» To do: Copy each line, word for word, from the one with "Facebook Analysis and Recommendations essay" through the final line of the listing, but skip the pictures.

» Data provided:

--- START ---

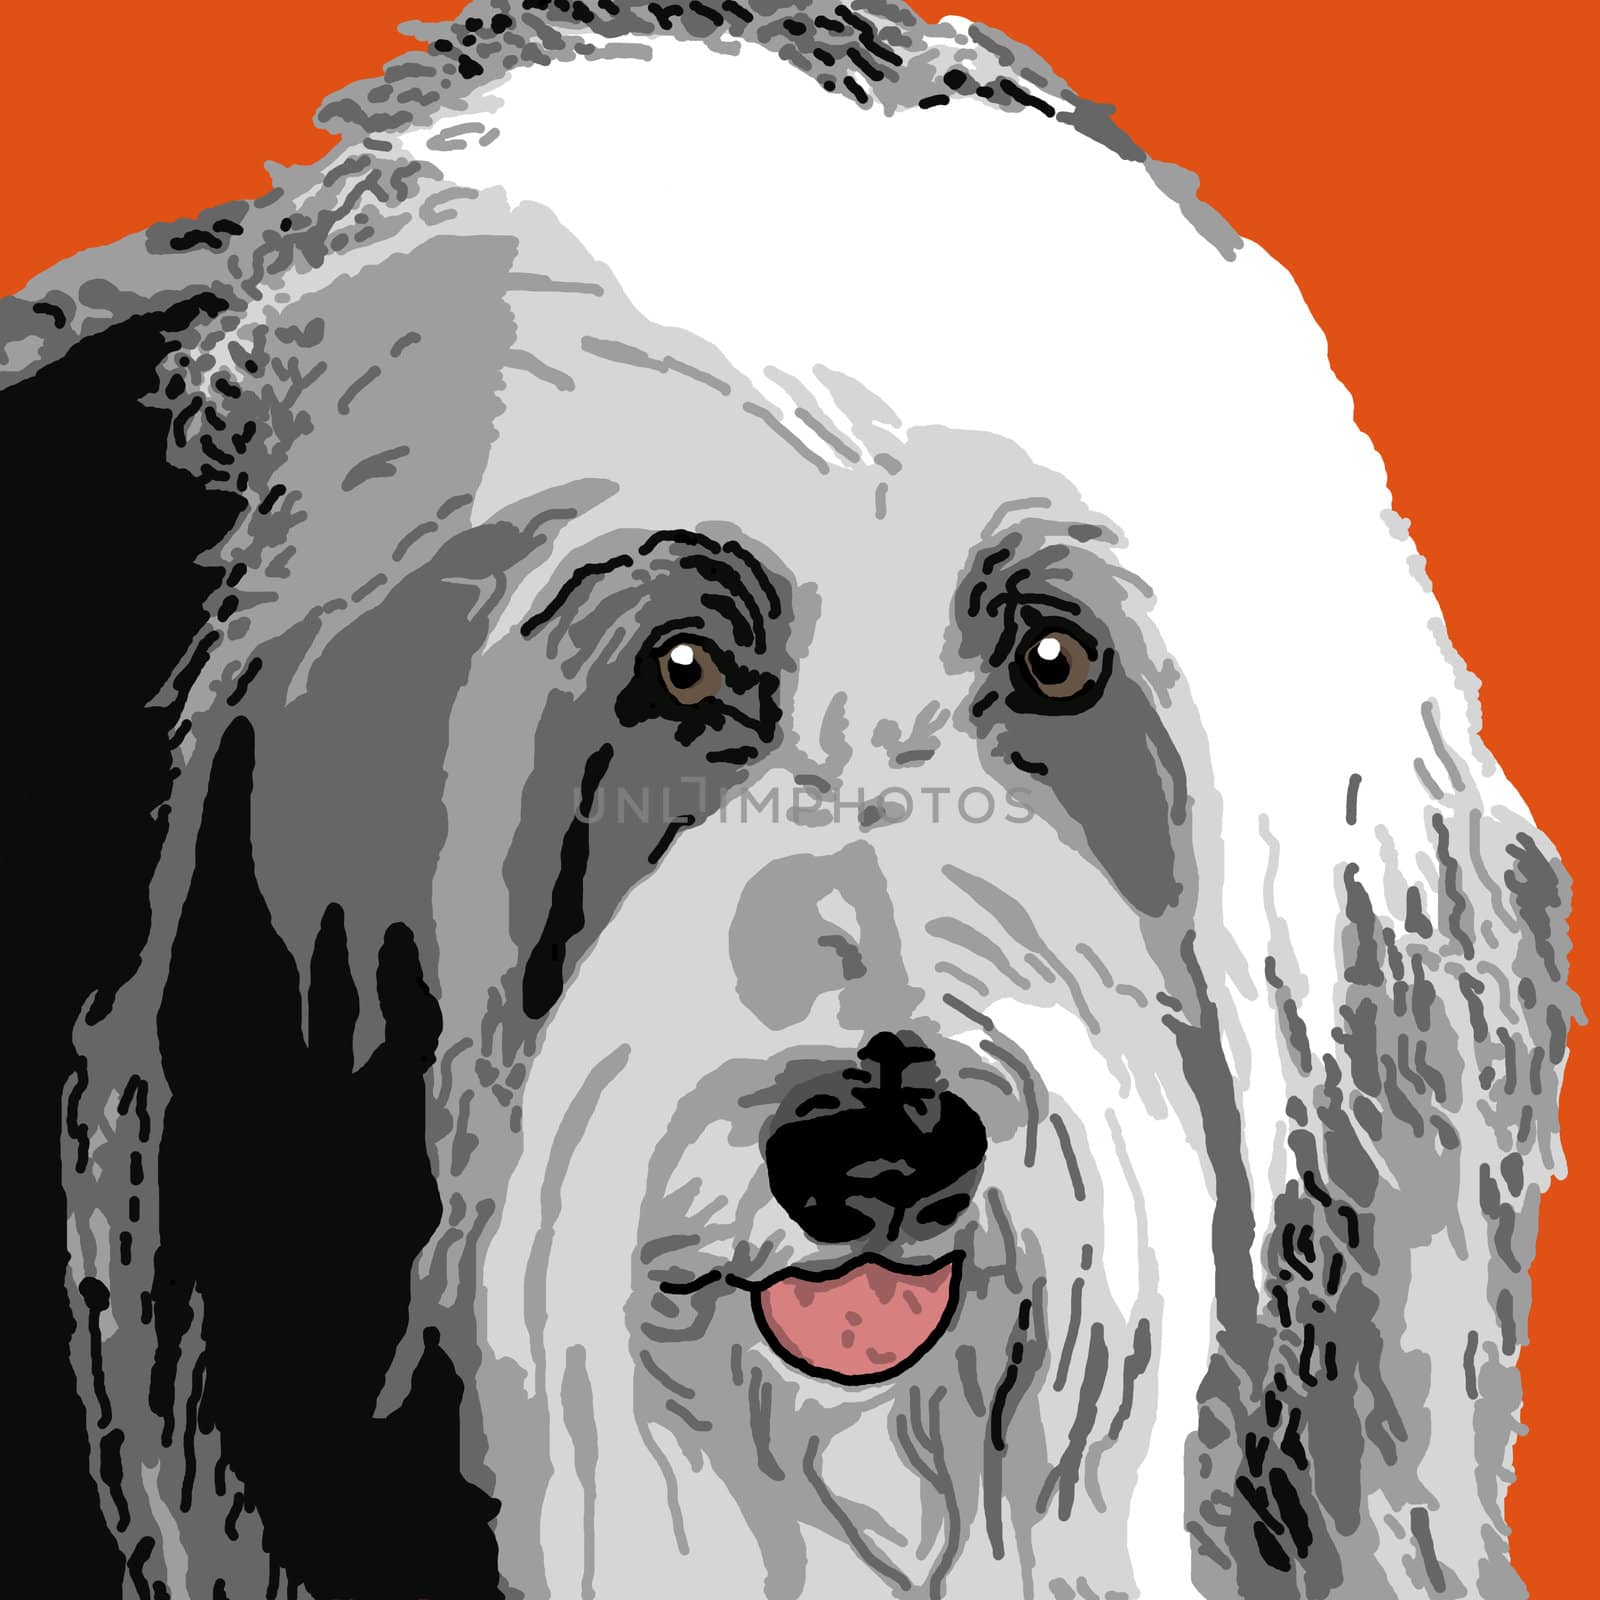 A portrait of an adult sheepdog on an orange background.
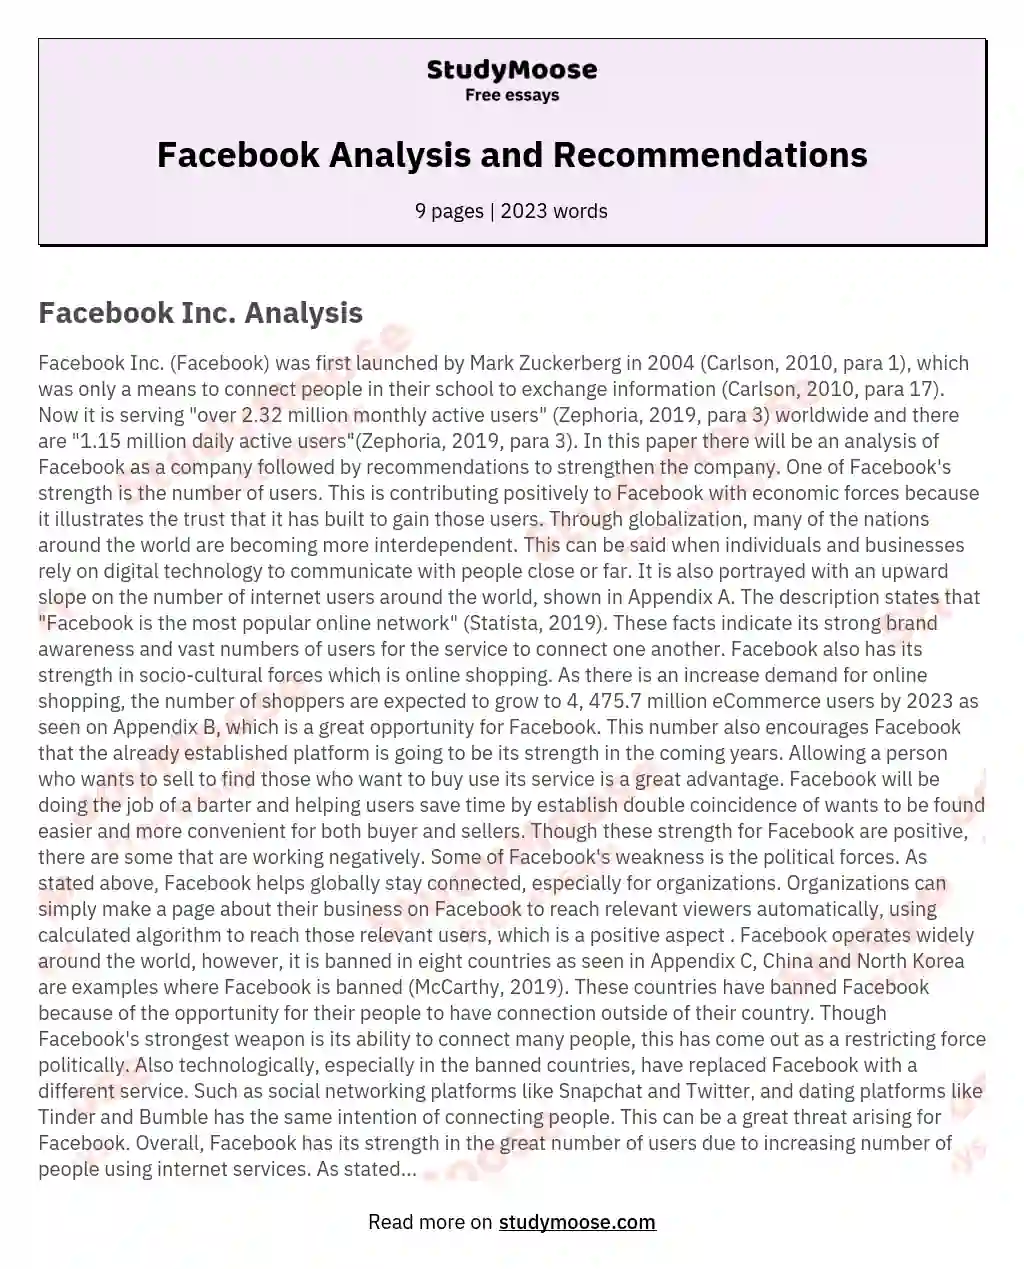 Facebook Analysis and Recommendations essay
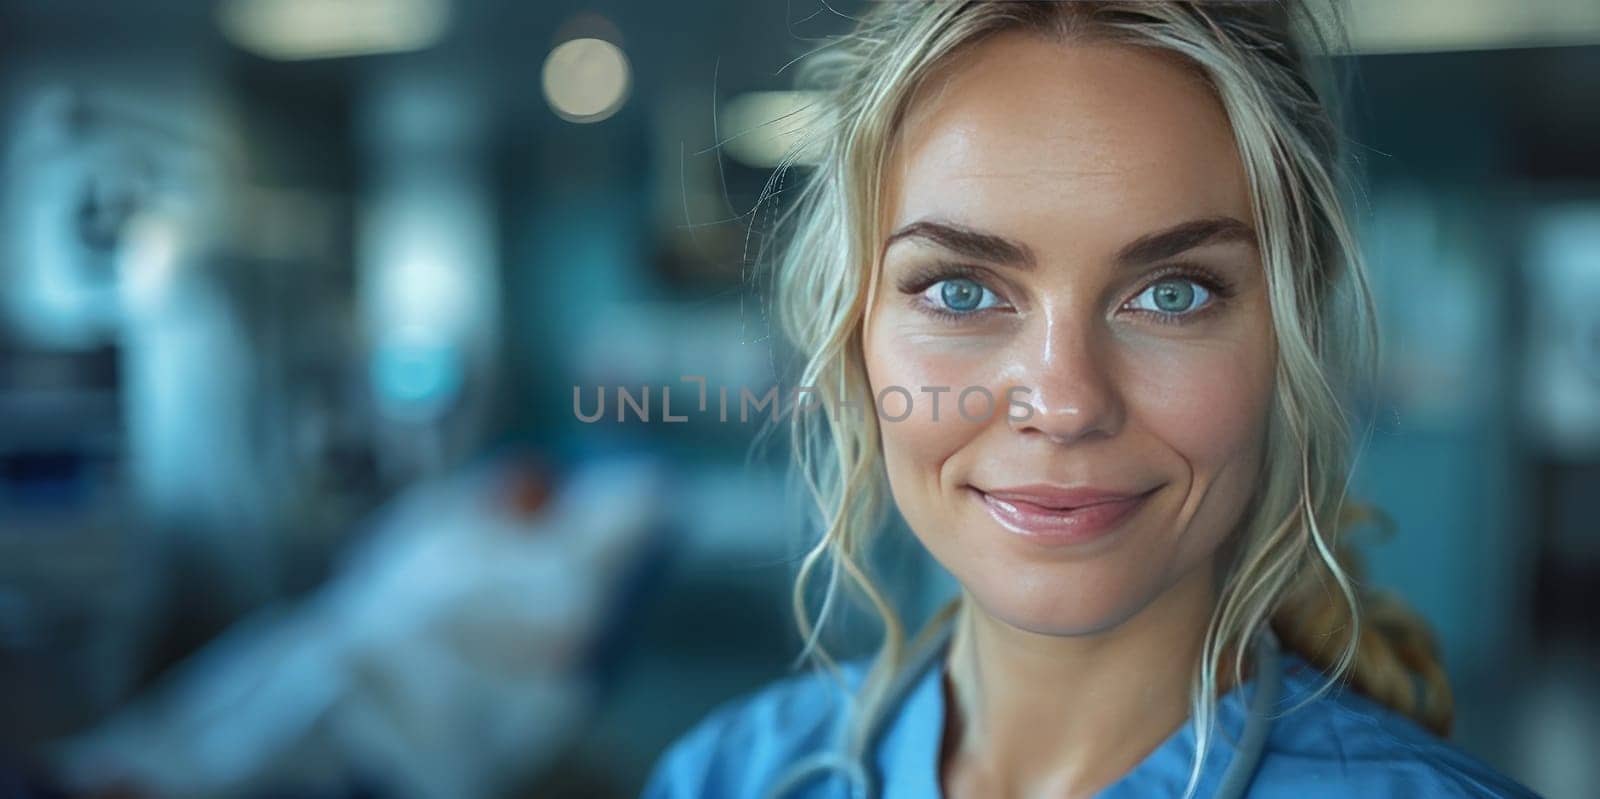 A female doctor with electric blue eyes and a bright smile is posing for a portrait photography in a hospital room, looking happy and pleased

--- END ---

» Written solution:
 Facebook Analysis and Recommendations essay
 A female doctor with electric blue eyes and a bright smile is posing for a portrait photography in a hospital room, looking happy and pleased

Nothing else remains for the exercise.